I have a purple aura, and I don’t like umbrellas. And even though I currently live in South Florida, and its rainy season, and I walk a half mile to and from school to pick up my kid…. I really resent my umbrella. I have umbrellas, two mismatched vagabond umbrellas that if could speak, could most likely tell you a really interesting tale of how they ended up in my possession…. But I don’t purchase umbrellas and I never have. I have looked at them at the store. I have held them in my hands at Target, seriously considering my position on umbrellas… but never did it, I’ve never bought an umbrella.
Inevitability at school pick up time, the thunder cloud rolls in and not just trickles, it DUMPS rain on us. Its a tropical humid thunderstorm hell. And even though we take the umbrella, we use said umbrella….we still end up wet. And I wonder, “What is the point of this umbrella? Doesn’t everyone see that we really don’t need them?” Its madness to me. I don’t have cute umbrellas, like I said; I have really odd mismatched *someone gave this to me for free at a health and wellness show* umbrellas. So what is my issue? Why don’t I get normal people umbrellas, why don’t I buy the biggest umbrella I can find, why don’t I accept the umbrella?
Well, I am purple… and this is my little rebellion and I have learned to embrace it. I stopped fighting these little rebellions a long time ago. Part of being purple means, I don’t really care about certain conformities of society. Like the need to stress out about your kid getting wet. The need to size coordinate my umbrella to my kids’ height. I just don’t have the deep concern about it and the big thing is…. I stopped caring a long time ago what others thought about it. And sure, being an indigo – an empath- I FEEL the judgment. Heck, I feel my own kids’ judgment.
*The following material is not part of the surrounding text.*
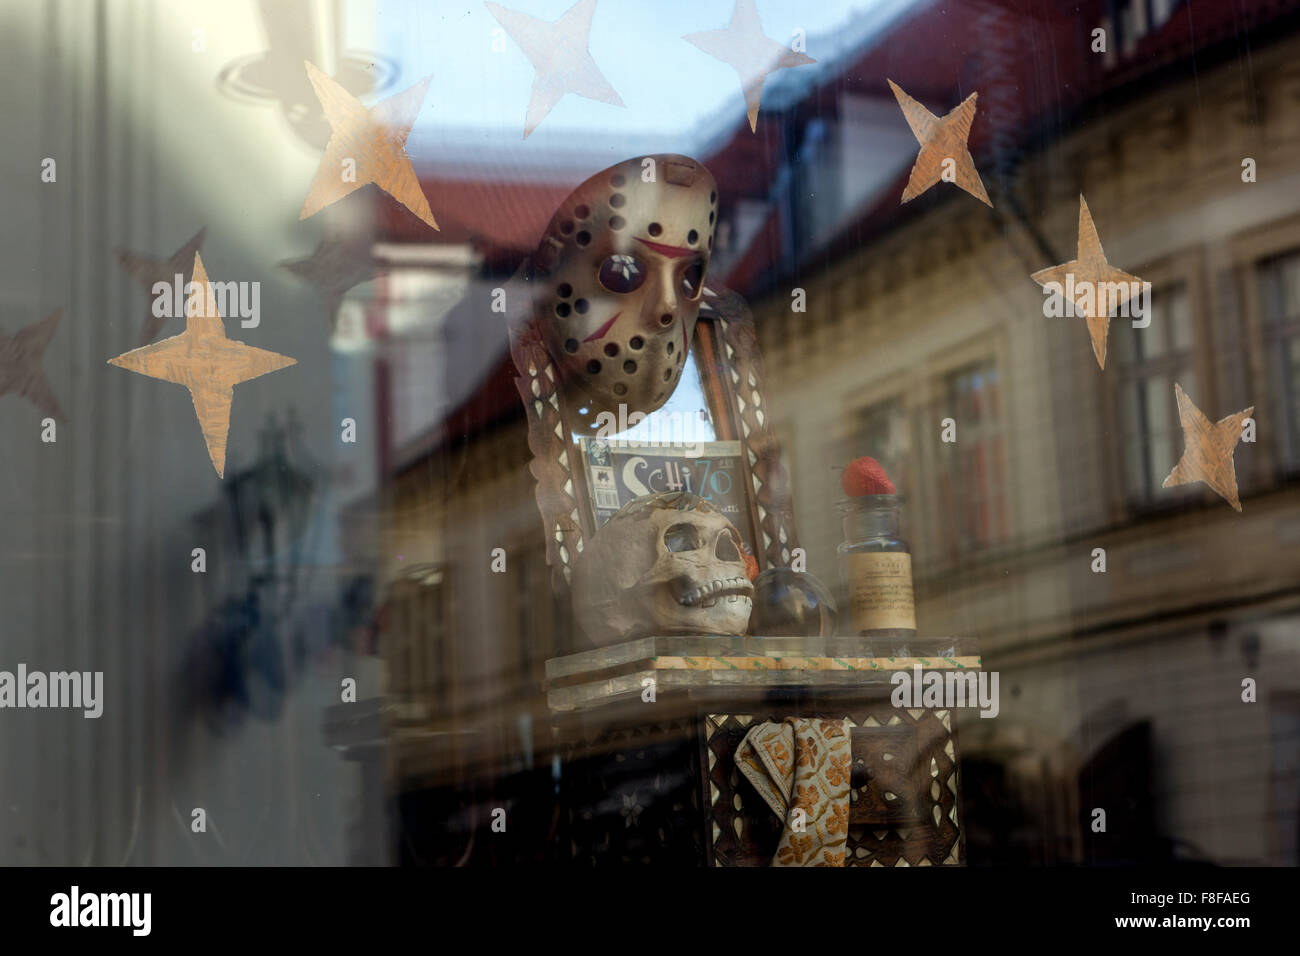 Ein Schaufenster im Chapeau Rouge Club, Old Town, Prag, Tschechische Republik Stockfoto

But I just stopped trying
to make myself care about something that wasn’t a big deal to me.
"Being purple means you kind of question the safety net, the metaphorical umbrella in life’s inevitable storm."
And that purple, that’s what gets me through some really tough times when life needs me to let stuff go. And it helps me see silver lining in any situation that could be perceived as very sucky. And it has made me laugh, and it has made me say NO and it has made me walk out of a teaching job that was suffocating me – literally walk out – on a Wednesday afternoon in October many years ago. And it made me pursue something that took a lot of bravery because; yeah I DO feel what others think. Being purple means you kind of question the safety net, the metaphorical umbrella in life’s inevitable storm. But my purple has made me seriously embrace the fact that I don’t care … cannot care… and be happy at the same time. And that, that is why I don’t buy the damn umbrella.